» What you are asked to do: Drop the pictures; give again exactly the lines from the one holding "Happy womans day." through the end of the data.

» Supplied data:
========

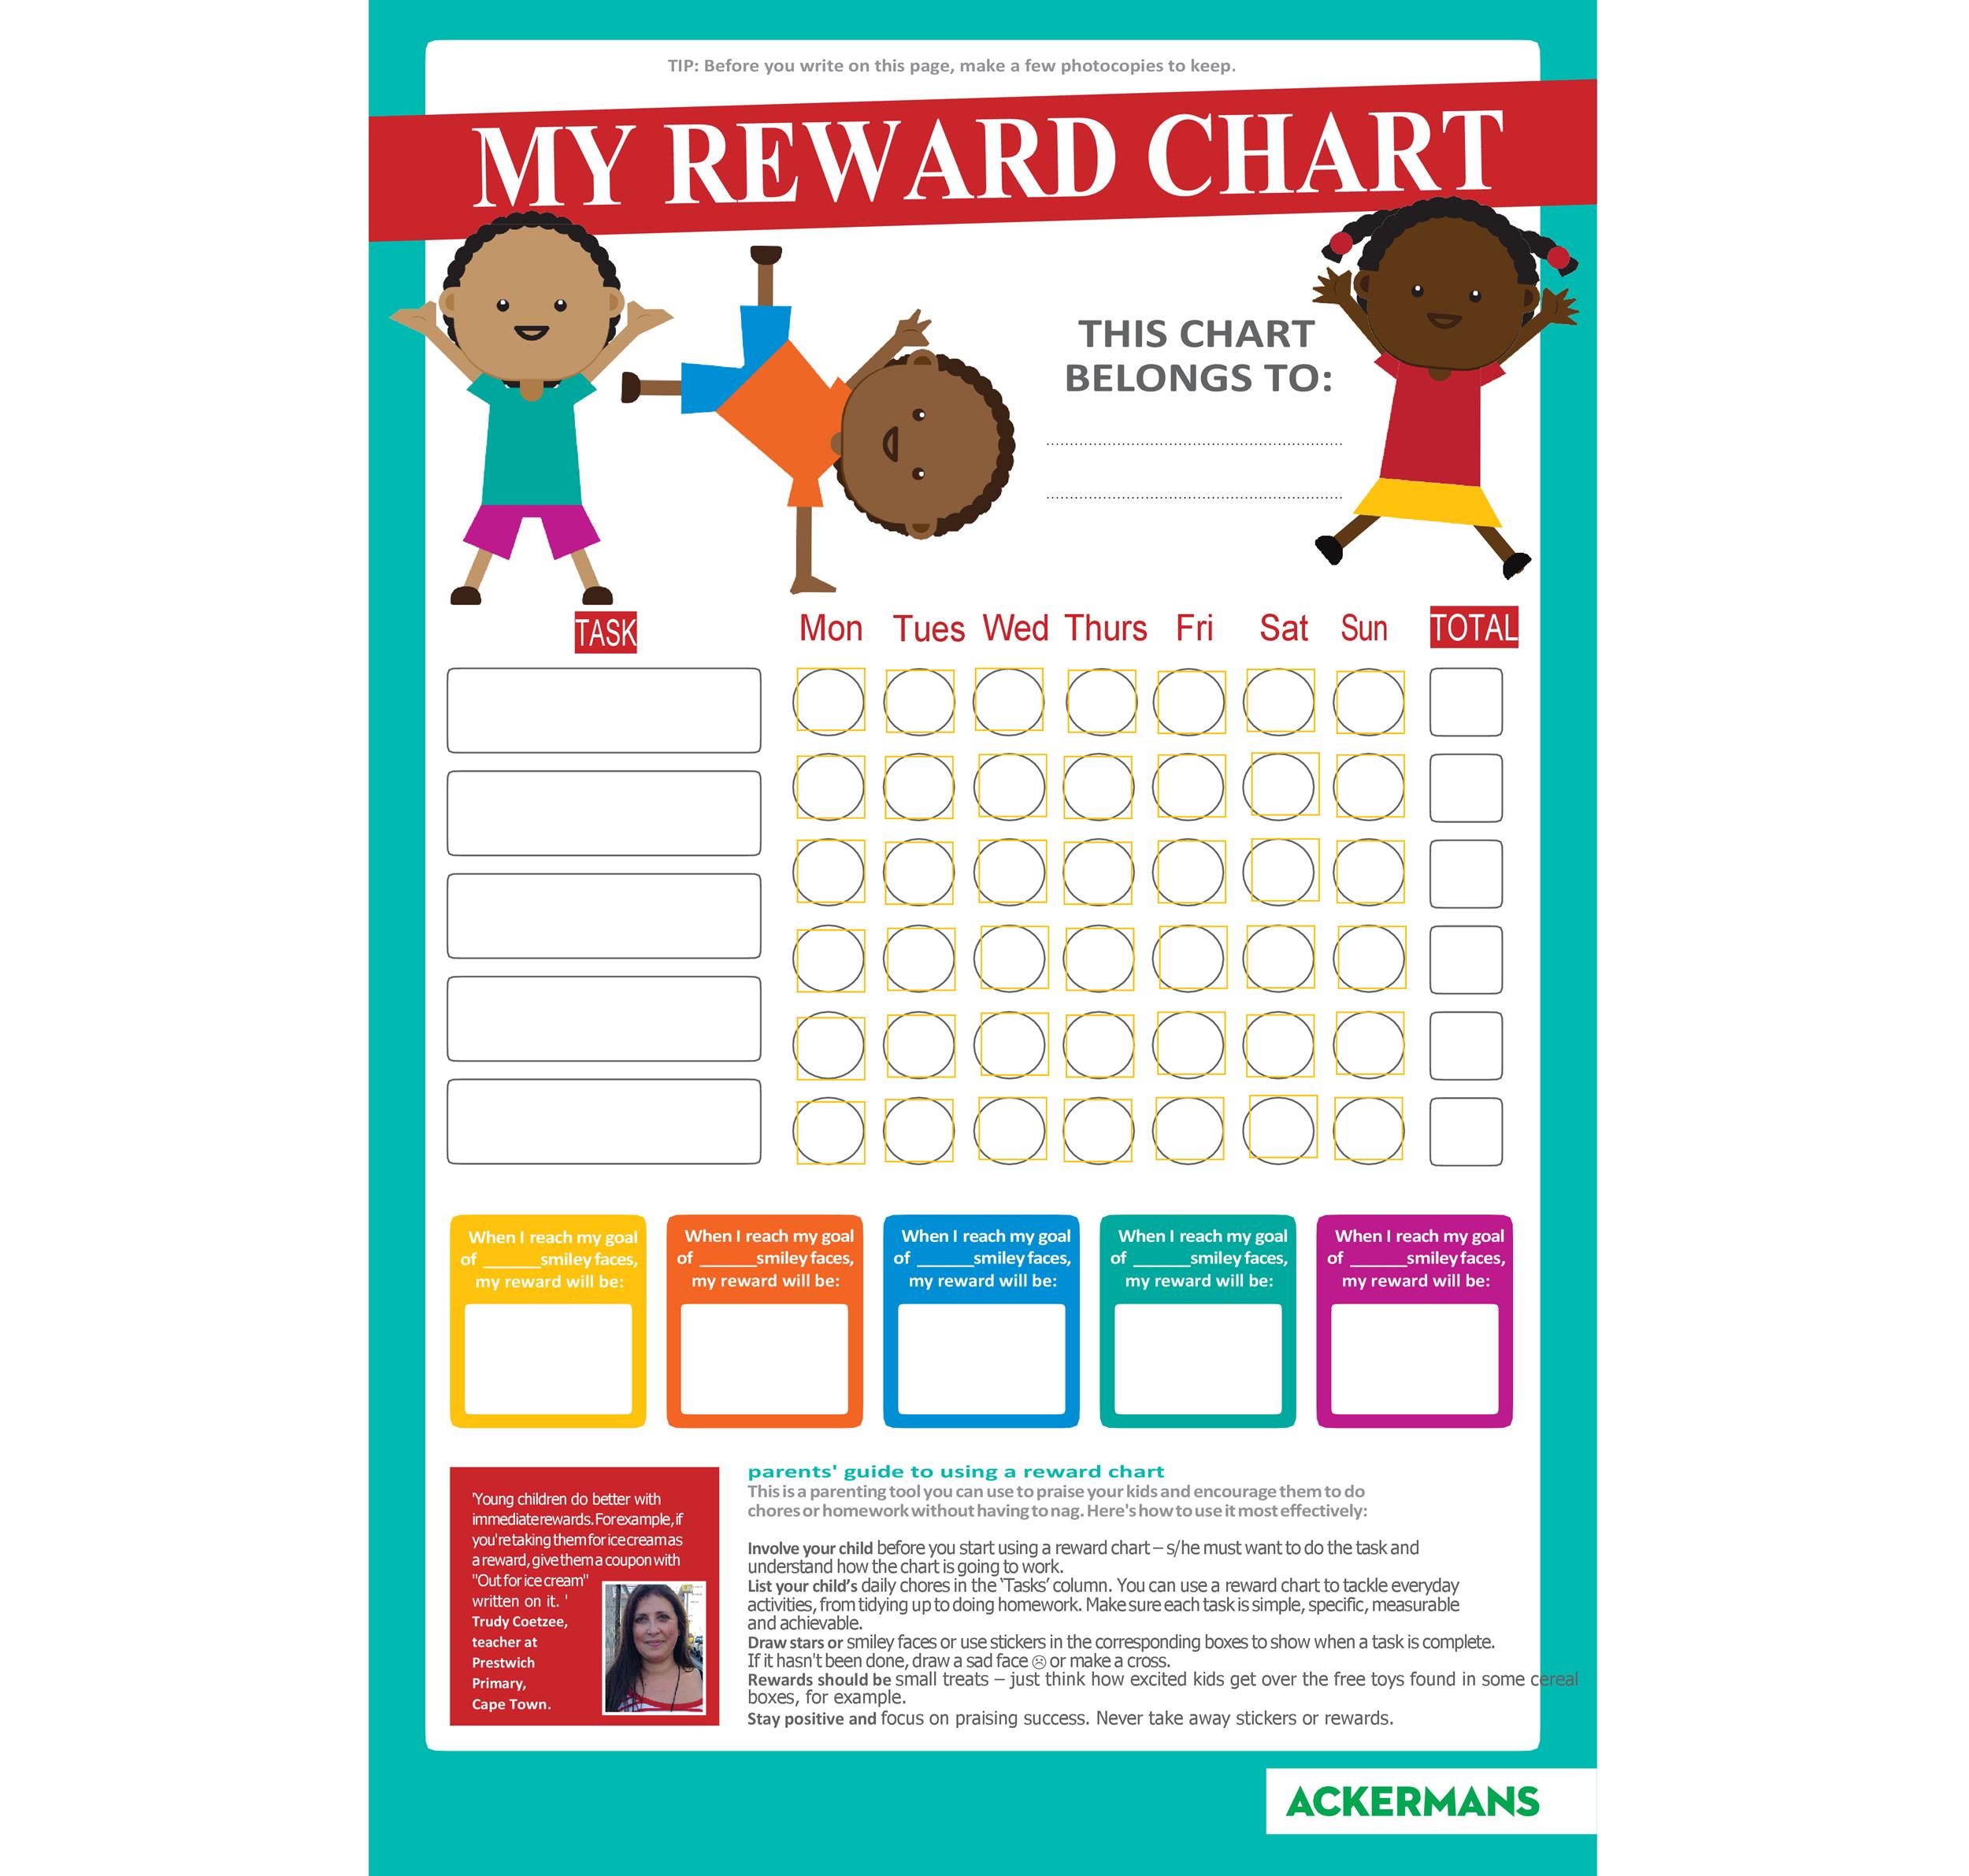 How To Make A Reward Chart
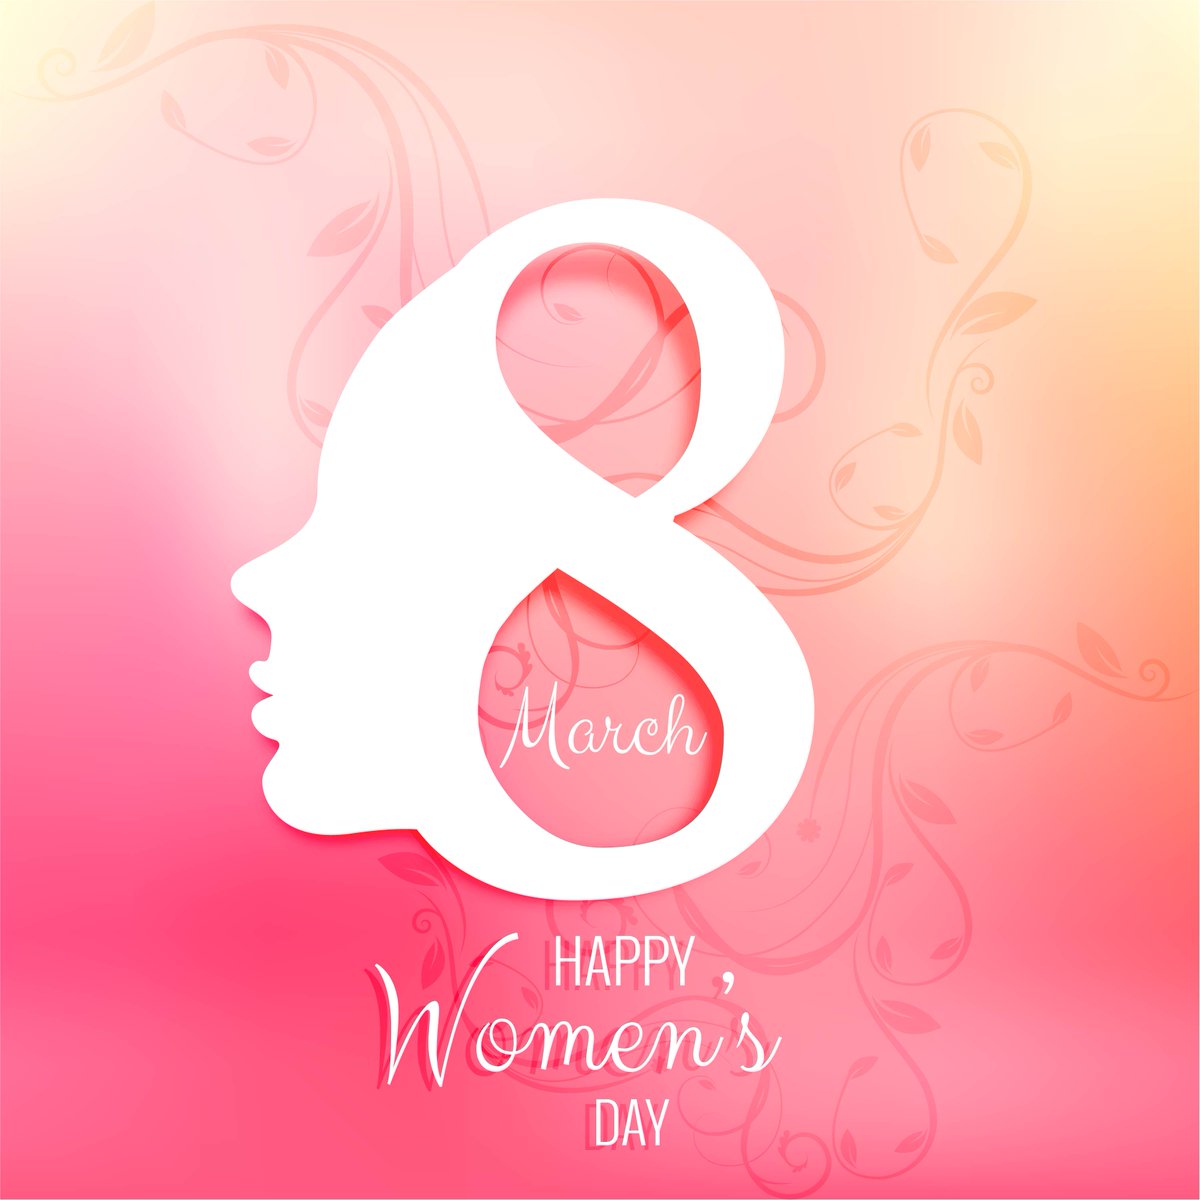 Happy womans day. С международным женским днем. Международный женский день вектор. Плакат International women's Day 8 March.
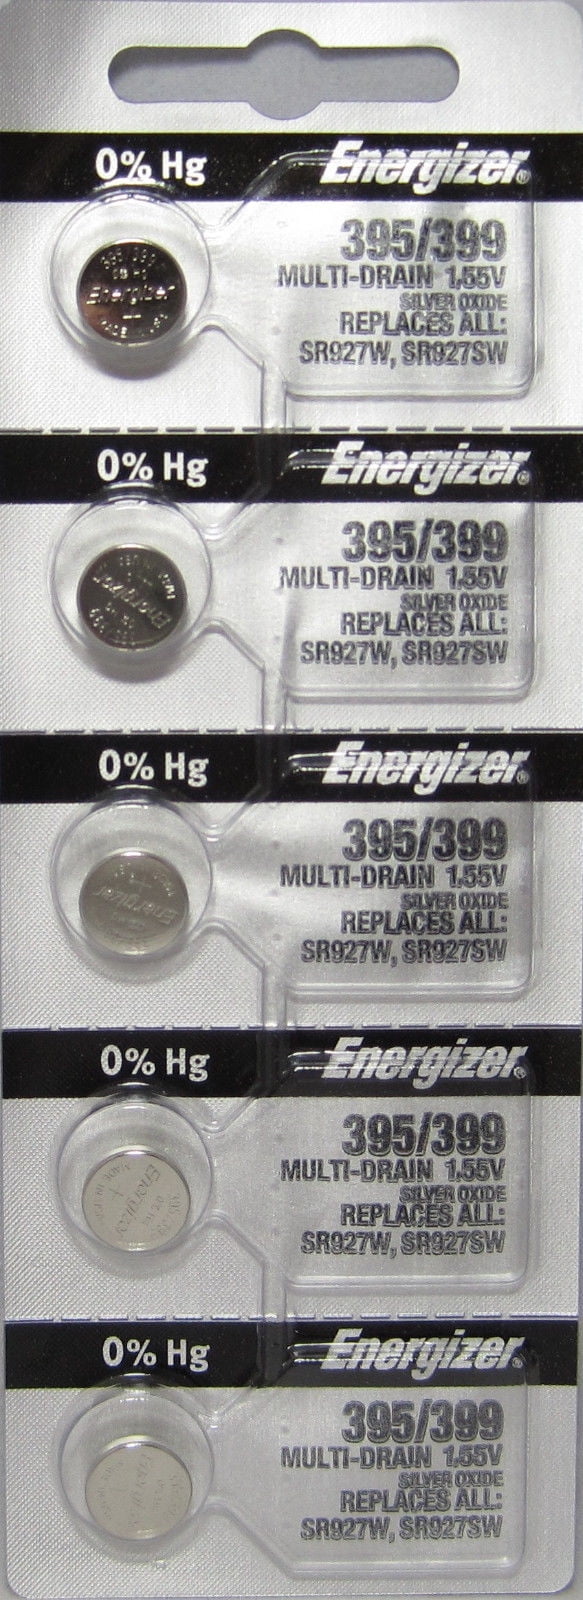 2 Energizer #395/399 SR927W SR927SW 0% Mercury Free 1.5V Silver Oxide Battery

========

» Output for this task:
 Happy womans day. С международным женским днем. Международный женский день вектор. Плакат International women's Day 8 March.
 2 Energizer #395/399 SR927W SR927SW 0% Mercury Free 1.5V Silver Oxide Battery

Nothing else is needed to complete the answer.